Wuershan (simplified Chinese: 乌尔善) is a  Chinese film director who was born in Hohhot, Inner Mongolia on June 10, 1972. He is of Mongol ethnicity.

Wuershan's first feature film was Soap Opera (2004), for which he was awarded the FIPRESCI Award at the Pusan International Film Festival. He went on to direct blockbusters The Butcher, the Chef and the Swordsman (2010), Painted Skin: The Resurrection (2012), and Mojin: The Lost Legend (2015), for which he was awarded the Hundred Flowers Award for Best Director at the 33rd Hundred Flowers Awards. In 2019, he started on the production of the Fengshen Trilogy.

Early life
Wuershan was born in Hohhot, Inner Mongolia, China, in 1972.
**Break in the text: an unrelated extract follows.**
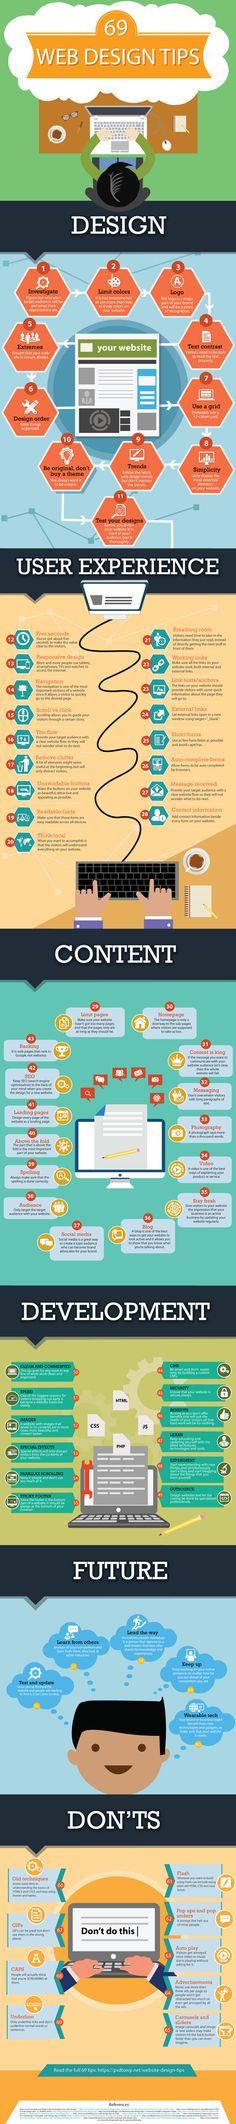 69 #consejos para diseñar la página web perfecta - #marketing #design #diseño #infografía #infographics

At 16 he enrolled to a high school affiliated to China's Central Academy of Fine Arts, and in 1992 he was admitted to the oil painting department of the latter. However, he dropped out the following year, and in 1994 started studying directing at the Beijing Film Academy, graduating from the latter in 1998. He started his career by making TV commercials, becoming successful in the business. He continued to work as a TV commercials director, video artist and avant-garde artist until his debut in movie industry with the 2004 film Soap Opera.

Career
Wuershan film debut came with Soap Opera (2004). For this movie, he won the FIPRESCI Award at the Pusan International Film Festival in 2004.

The Butcher, the Chef and the Swordsman
On September 16, 2010, Wuershan's second feature film debuted at the Toronto International Film Festival. The Butcher, the Chef and the Swordsman premiered on September 16, 2010, at the Toronto International Film Festival in the Midnight Madness section marking the first time a film from China has been shown at this sidebar. It received mixed reviews from critics. The film was also screened at the Pusan Film Festival. It was presented by Doug Liman at the festival. It was released theatrically on 17 March 2011 in Southeast Asia, North America, Australia and New Zealand simultaneously. Described as an avant-garde martial arts comedy, the film is split into three stories titled "Desire", "Vengeance" and "Greed," and it follows the "journey of a mystical blade as it passes through the hands of three ambitious men."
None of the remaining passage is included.